Exercise data
=== Section Start ===

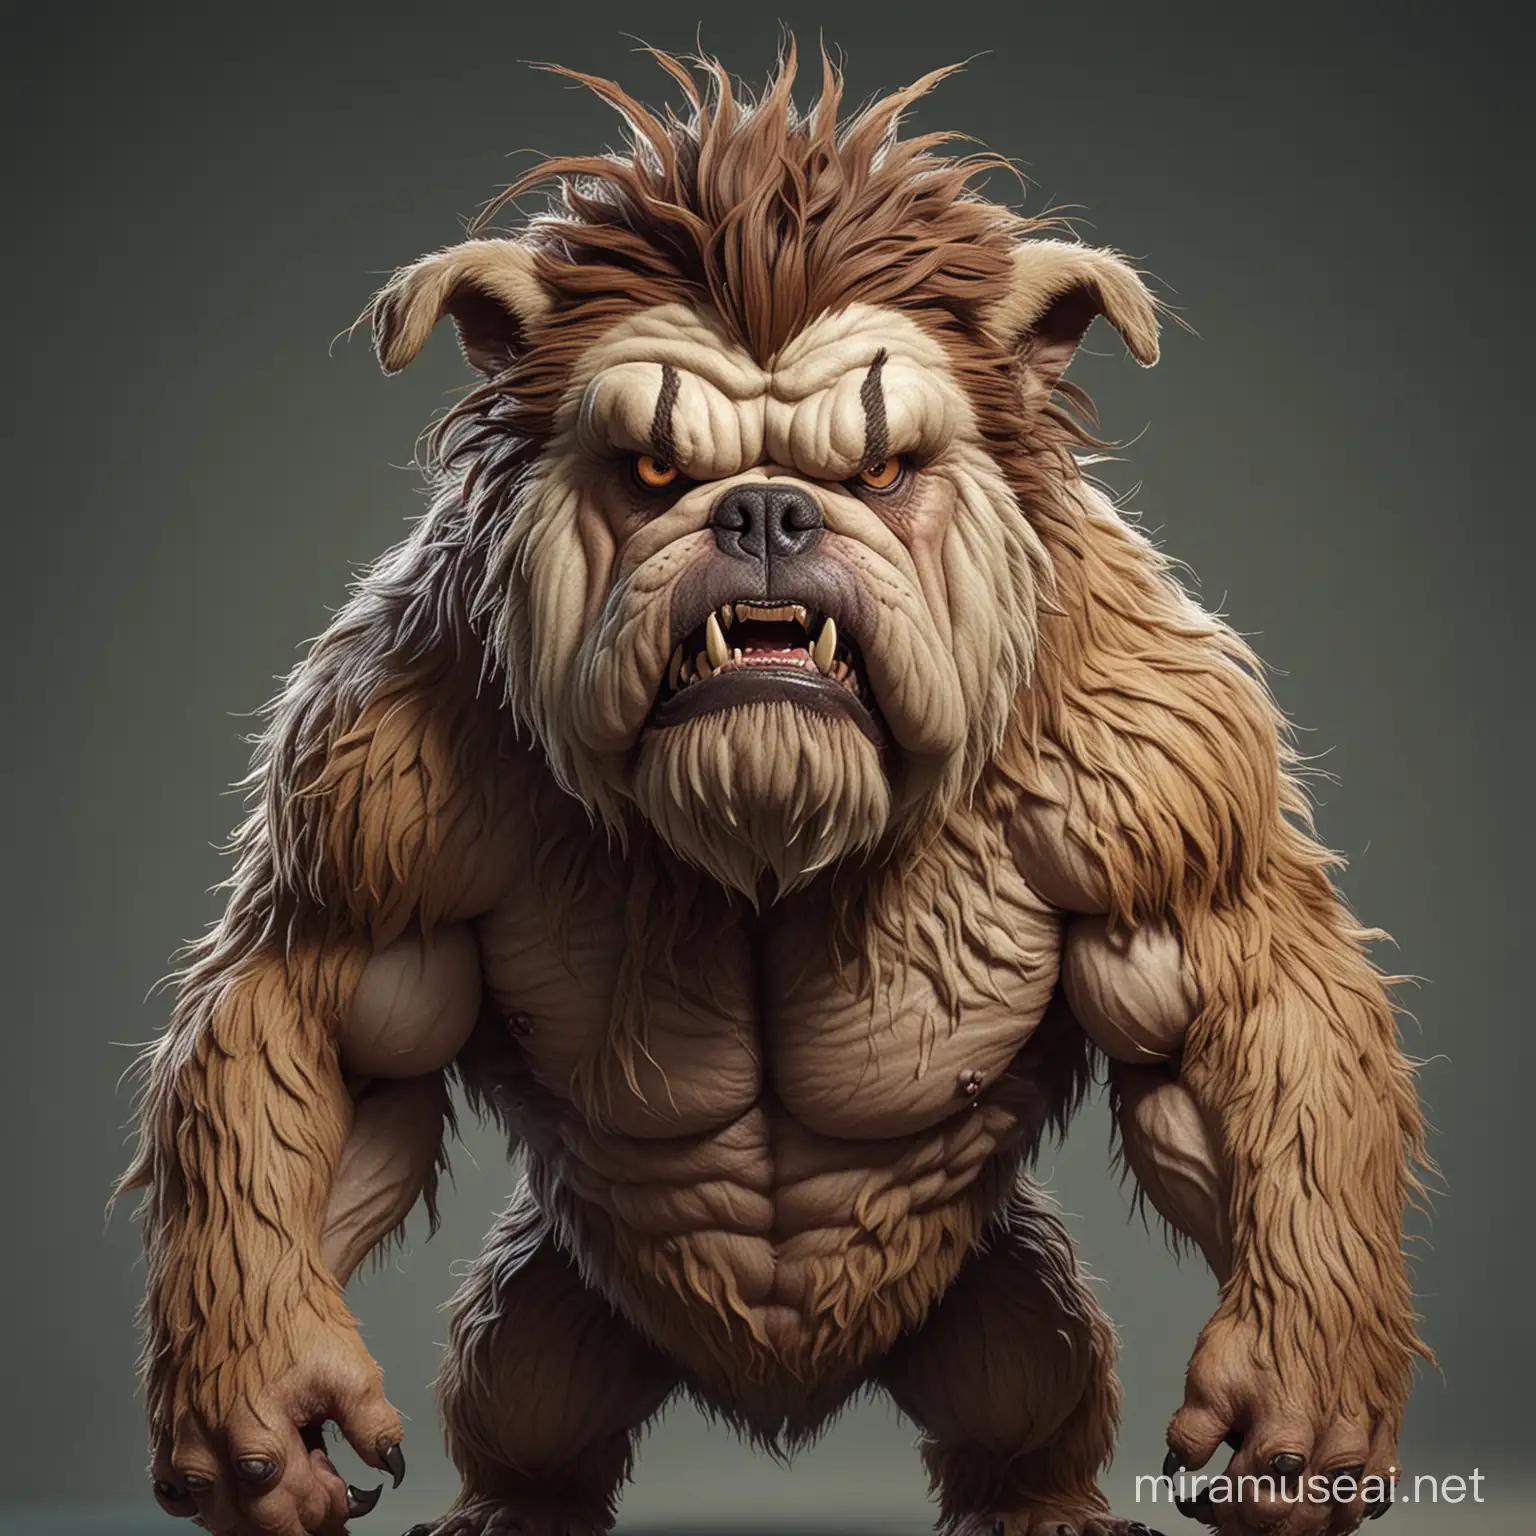 Fierce Mutated Bulldog Monster Concept Art
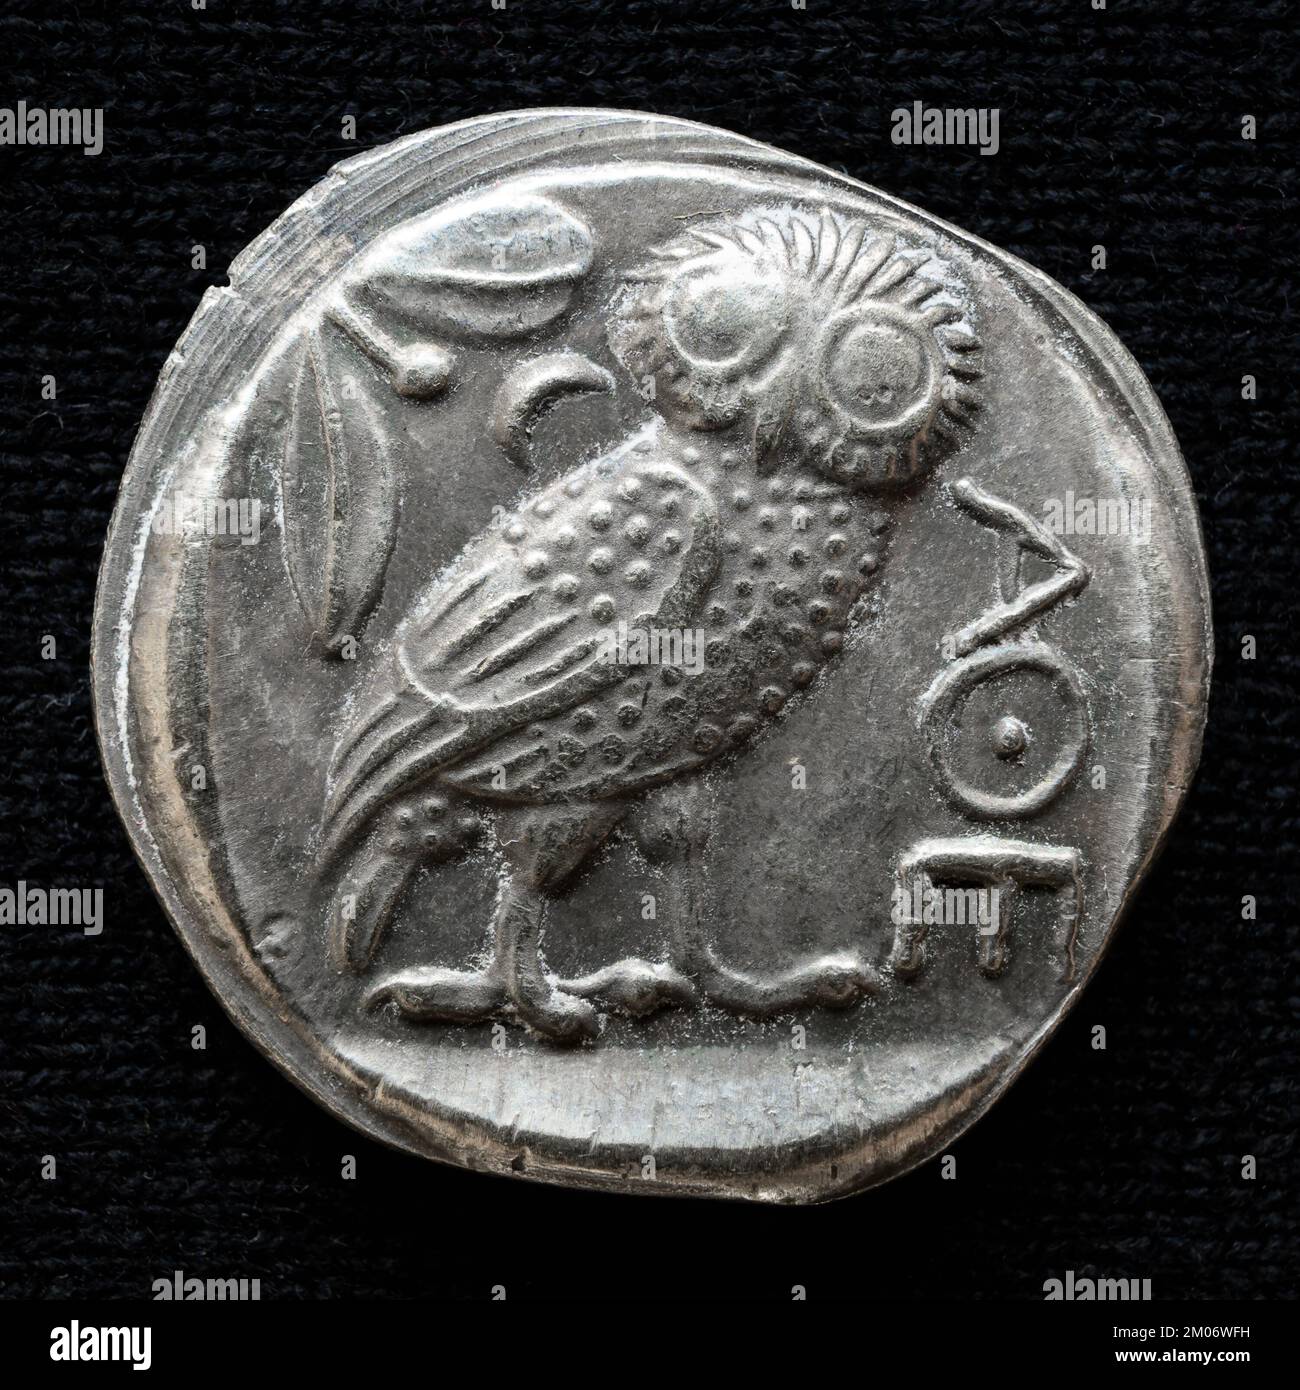 Antica moneta greca con civetta e iscrizione Atene. Vecchi soldi rari, tetradrachm argento isolato su sfondo scuro, macro. Concetto di Grecia, valore Foto Stock
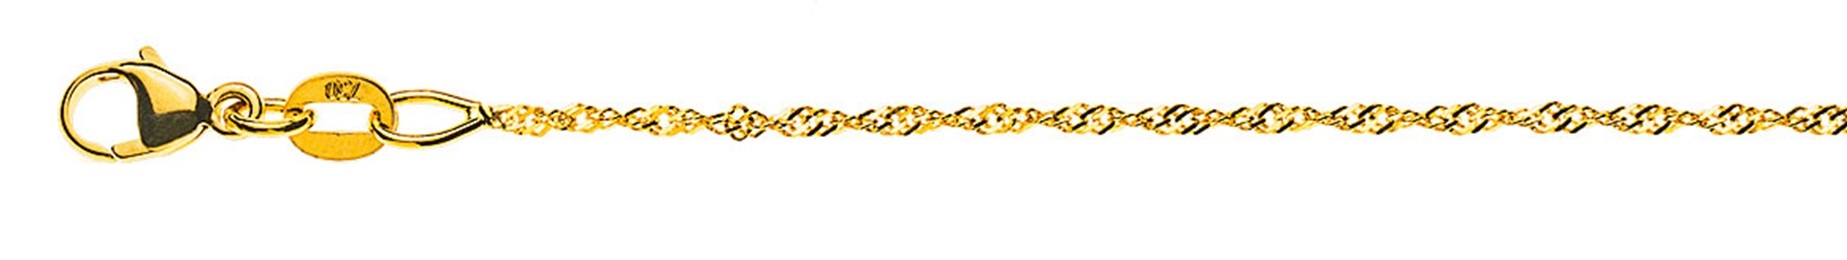 AURONOS Prestige Halskette Gelbgold 18K Singapurkette 38cm 1.2mm

=== Section End ===

The whole listing above needs to be copied exactly; please keep the pictures out.

 Fierce Mutated Bulldog Monster Concept Art
 Antica moneta greca con civetta e iscrizione Atene. Vecchi soldi rari, tetradrachm argento isolato su sfondo scuro, macro. Concetto di Grecia, valore Foto Stock
 AURONOS Prestige Halskette Gelbgold 18K Singapurkette 38cm 1.2mm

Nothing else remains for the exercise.